══ Supplied information
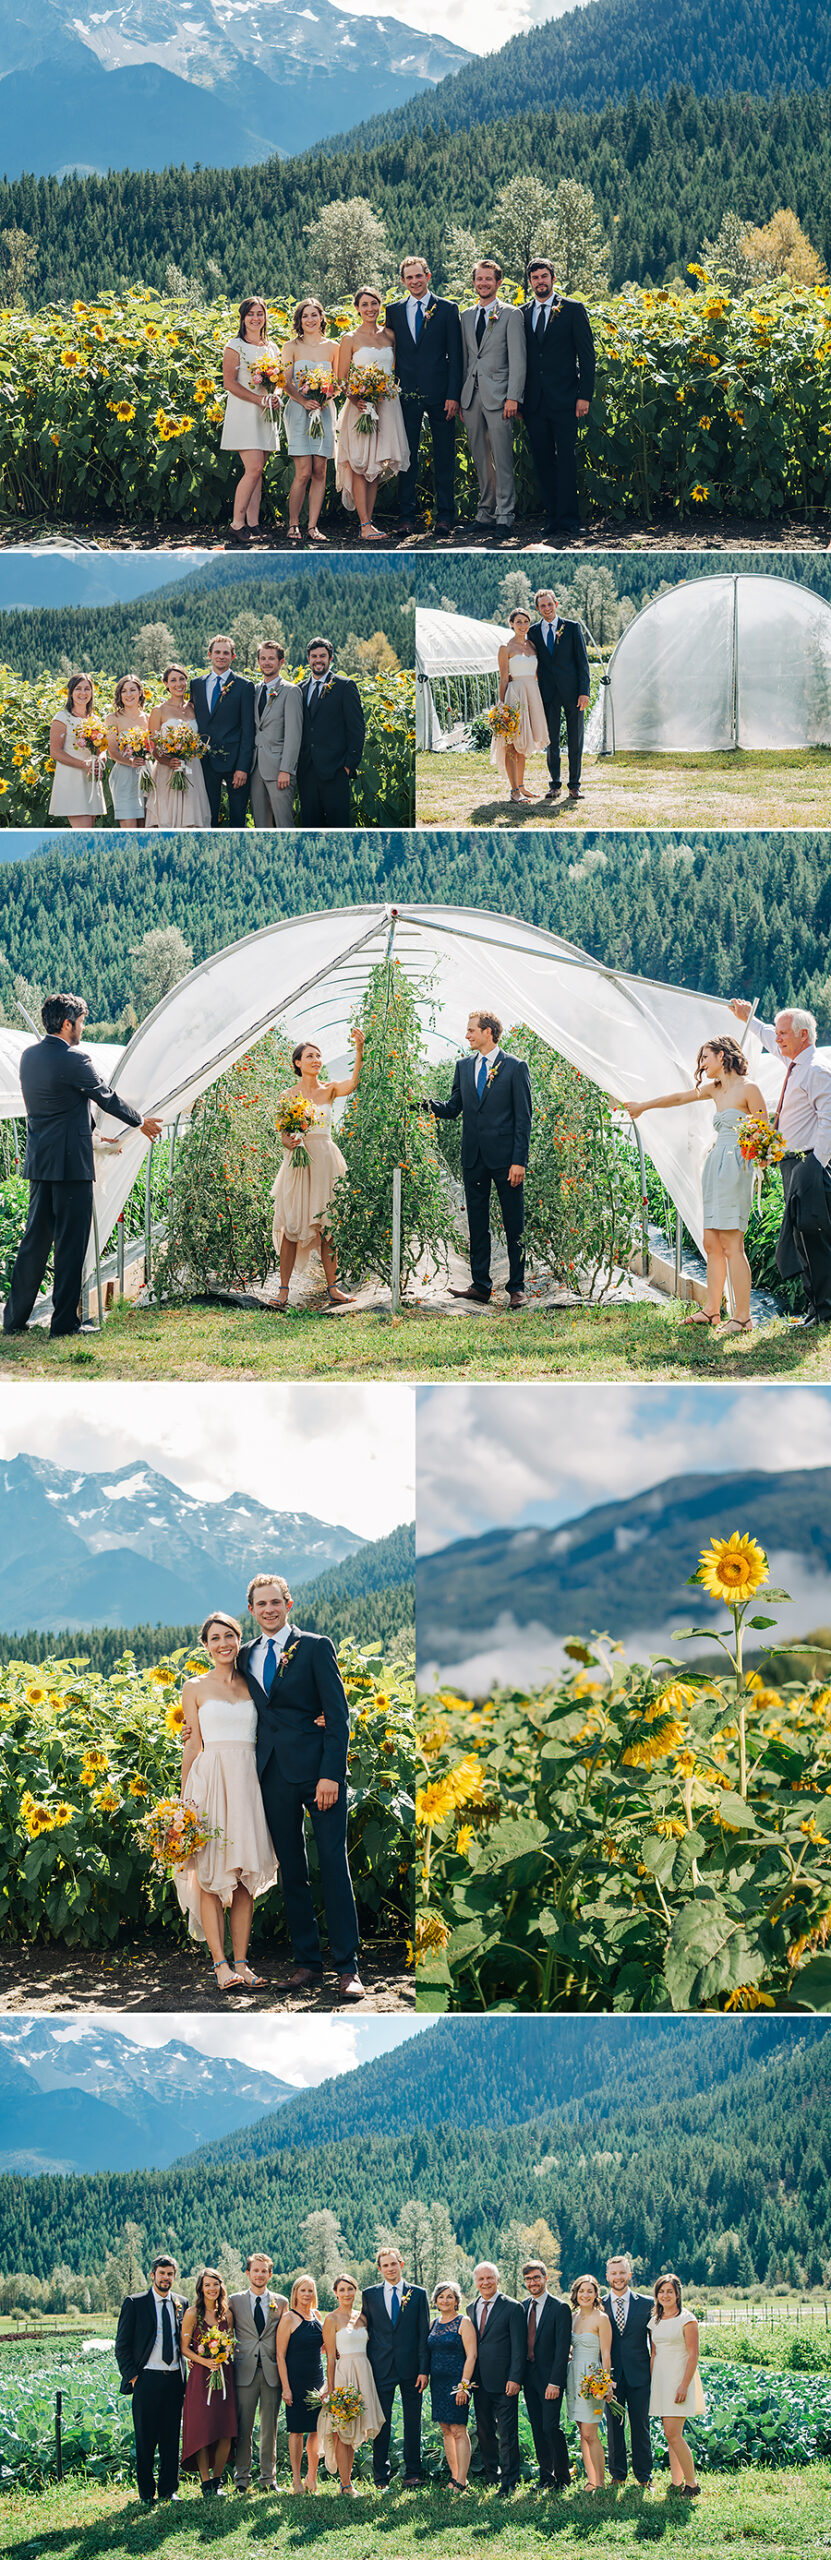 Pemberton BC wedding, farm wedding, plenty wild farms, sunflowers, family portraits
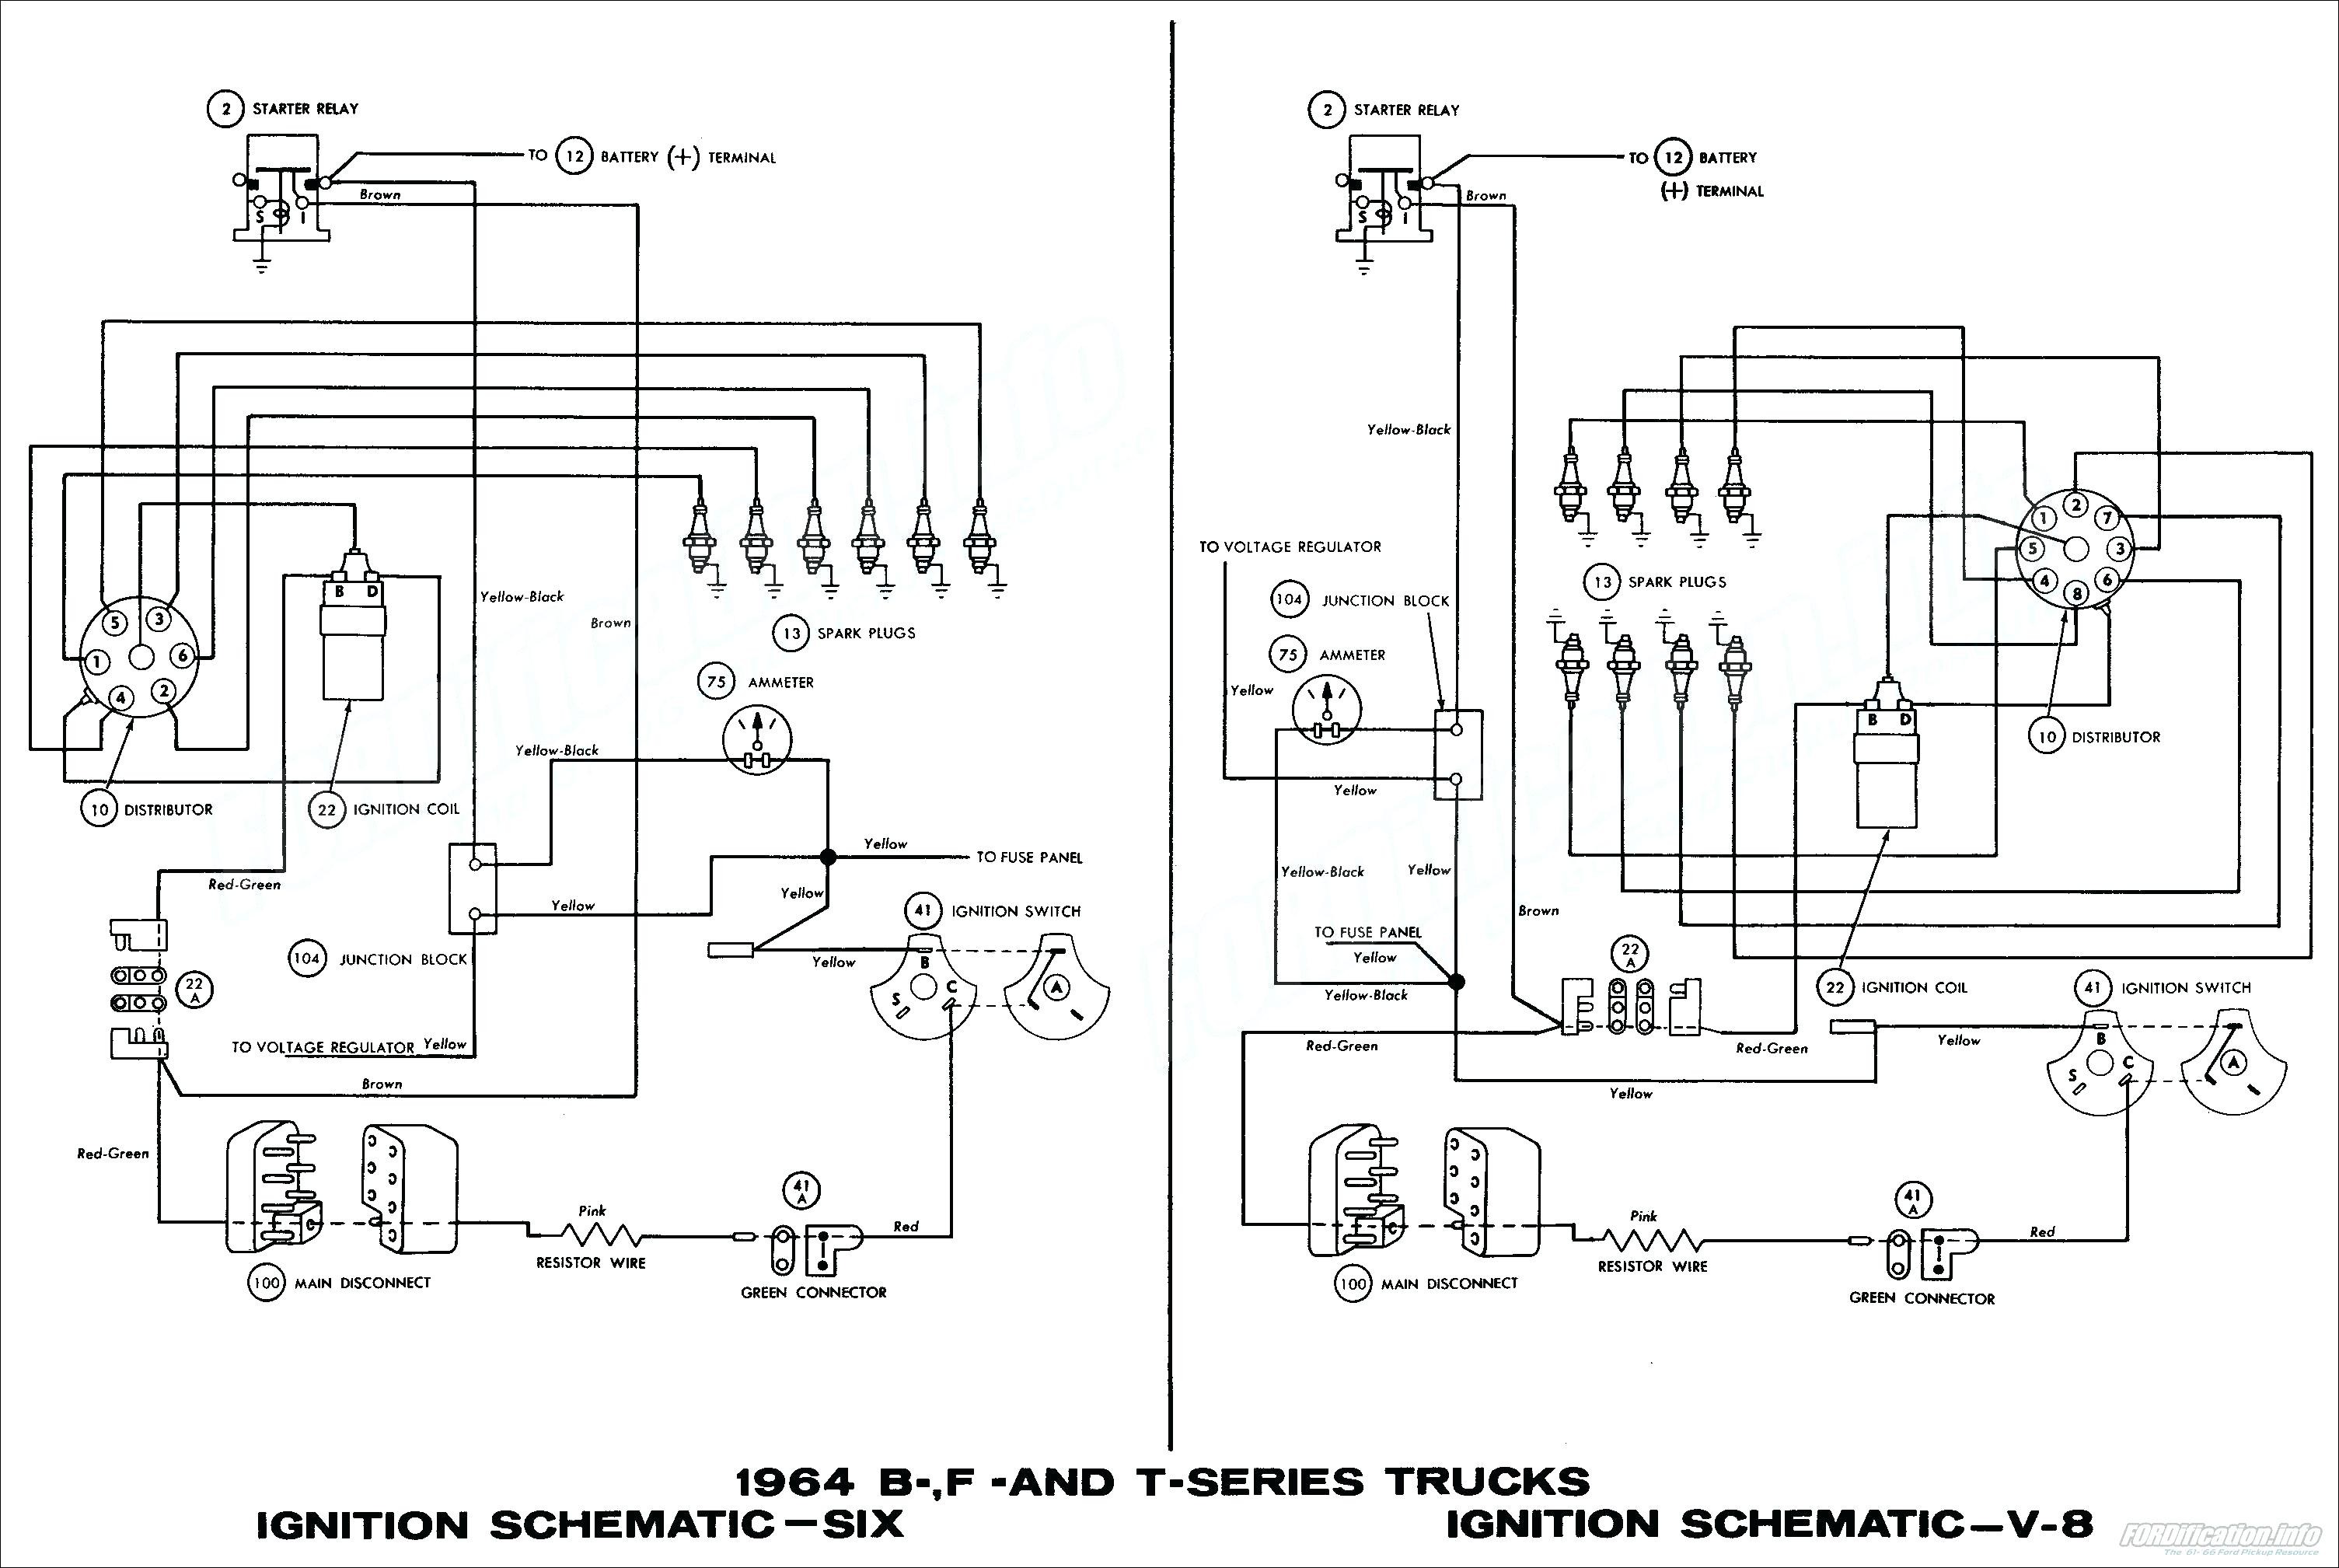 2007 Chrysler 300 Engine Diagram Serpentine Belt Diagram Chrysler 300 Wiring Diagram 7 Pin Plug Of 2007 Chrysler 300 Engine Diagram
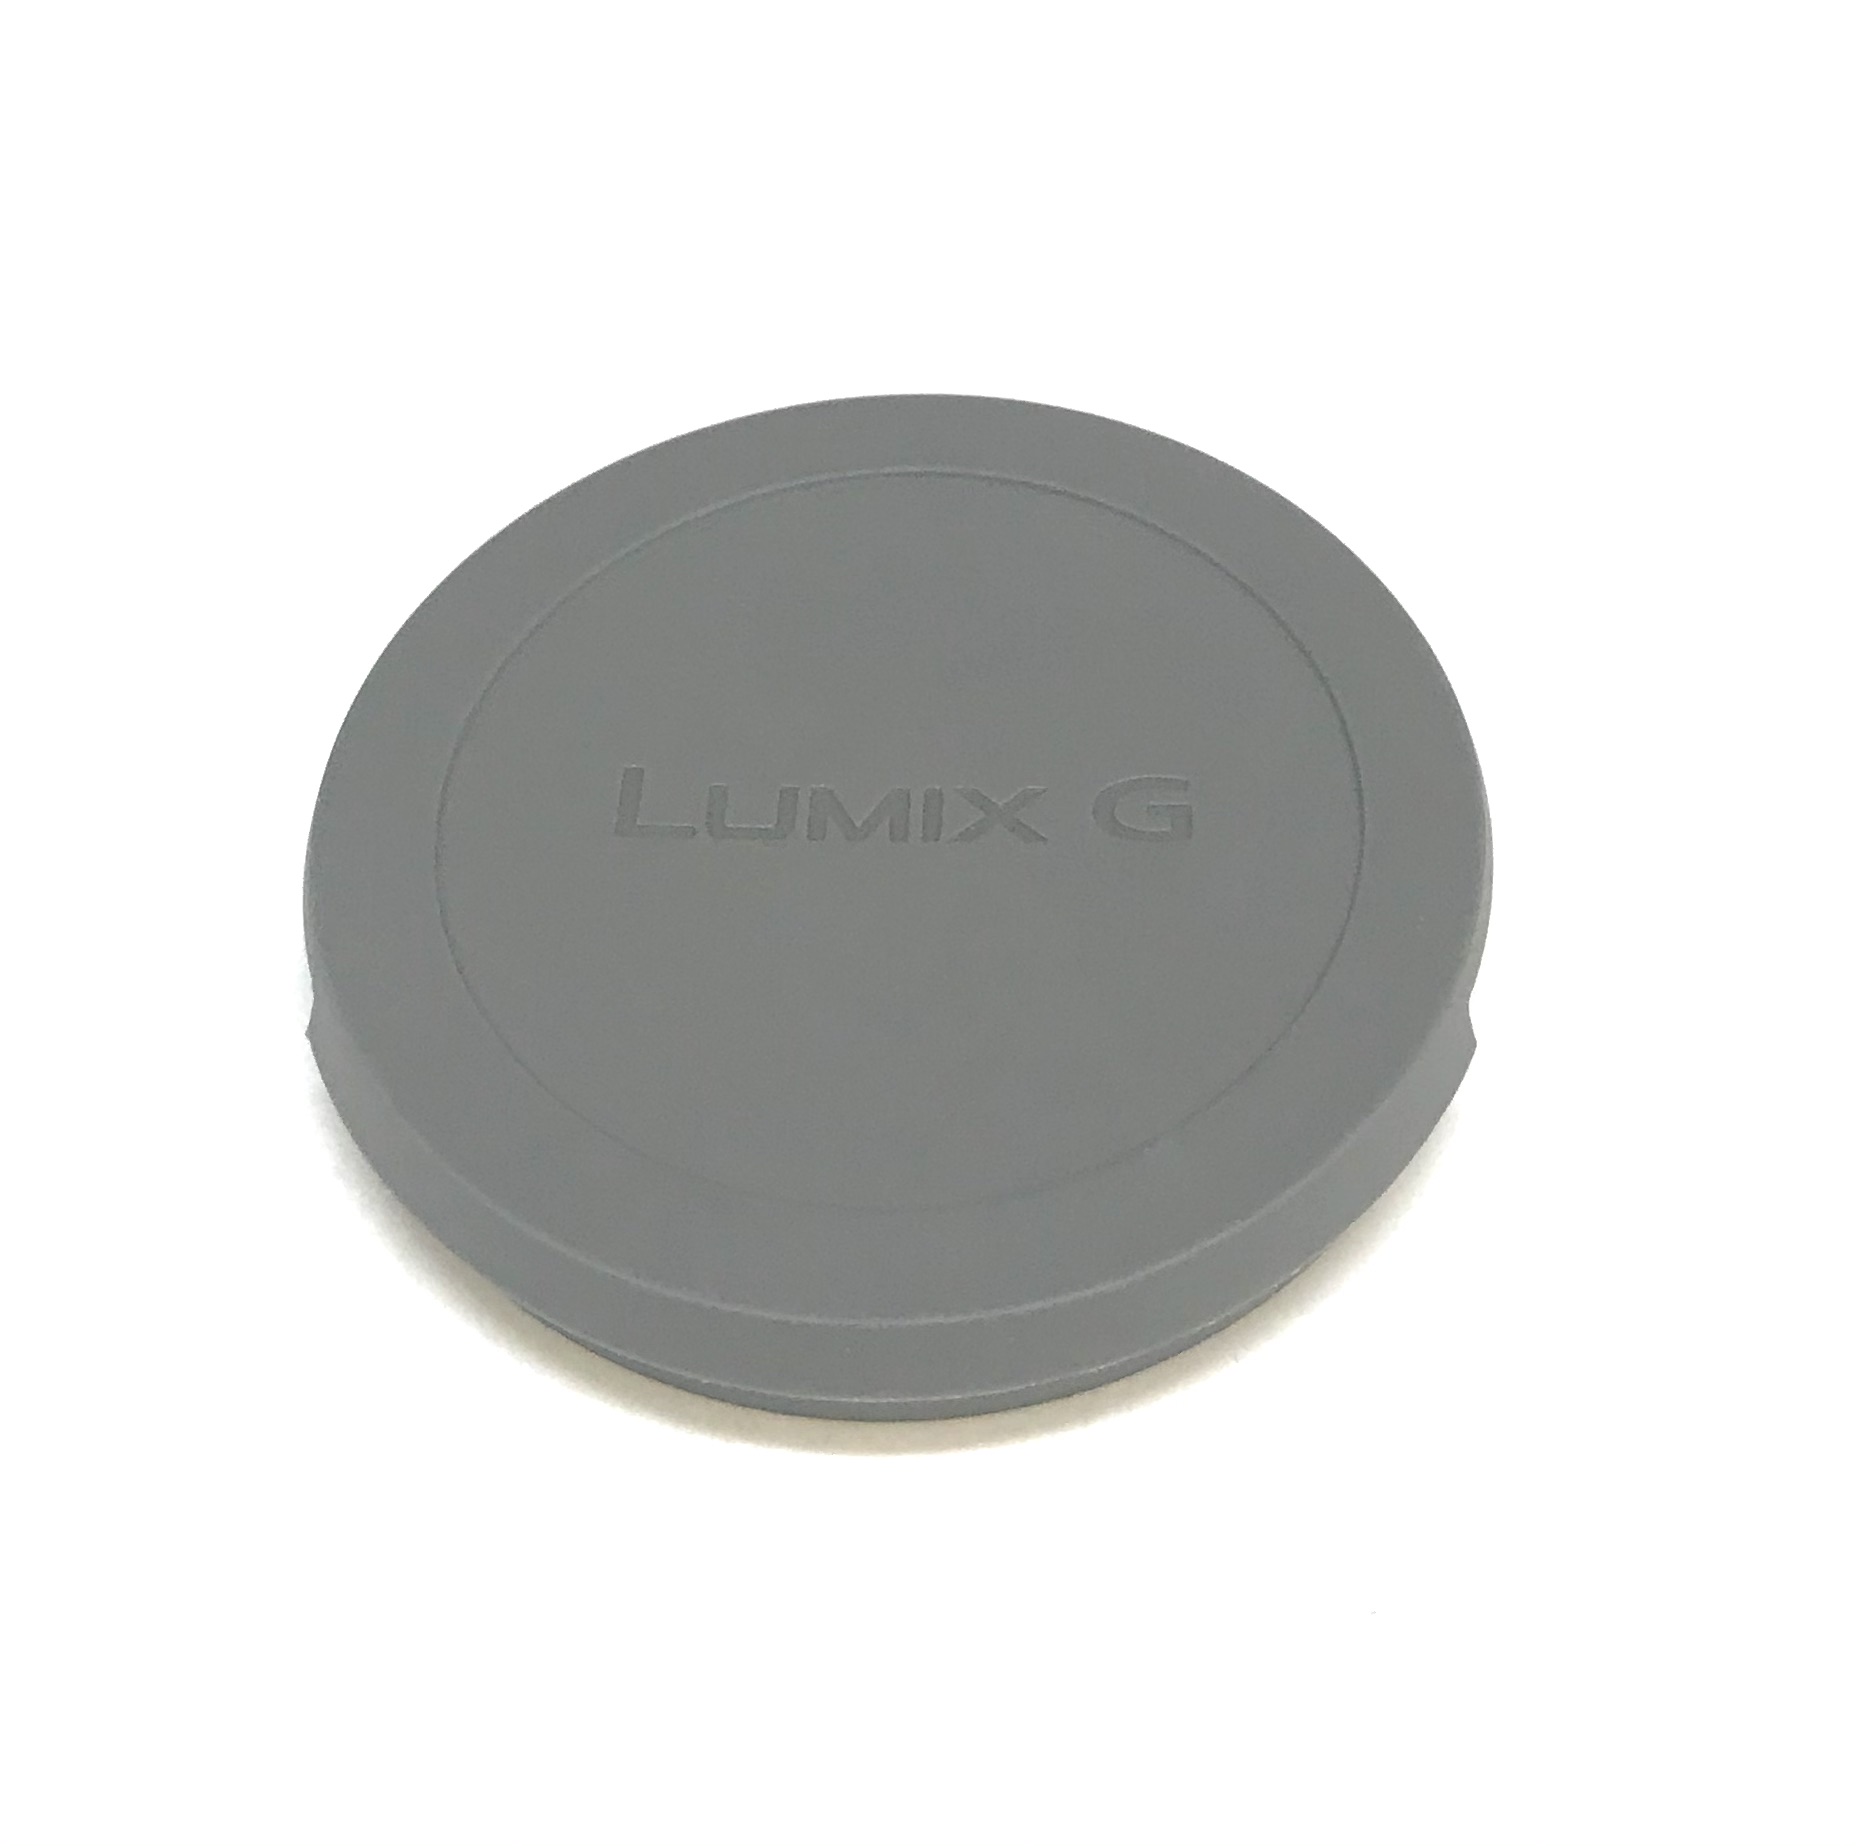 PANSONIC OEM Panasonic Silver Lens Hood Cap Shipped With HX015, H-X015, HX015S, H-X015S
════
__What you will do__.
Every word of the material, and none of its pictures, should be set down again.

__Task solution__.
 Pemberton BC wedding, farm wedding, plenty wild farms, sunflowers, family portraits
 2007 Chrysler 300 Engine Diagram Serpentine Belt Diagram Chrysler 300 Wiring Diagram 7 Pin Plug Of 2007 Chrysler 300 Engine Diagram
 PANSONIC OEM Panasonic Silver Lens Hood Cap Shipped With HX015, H-X015, HX015S, H-X015S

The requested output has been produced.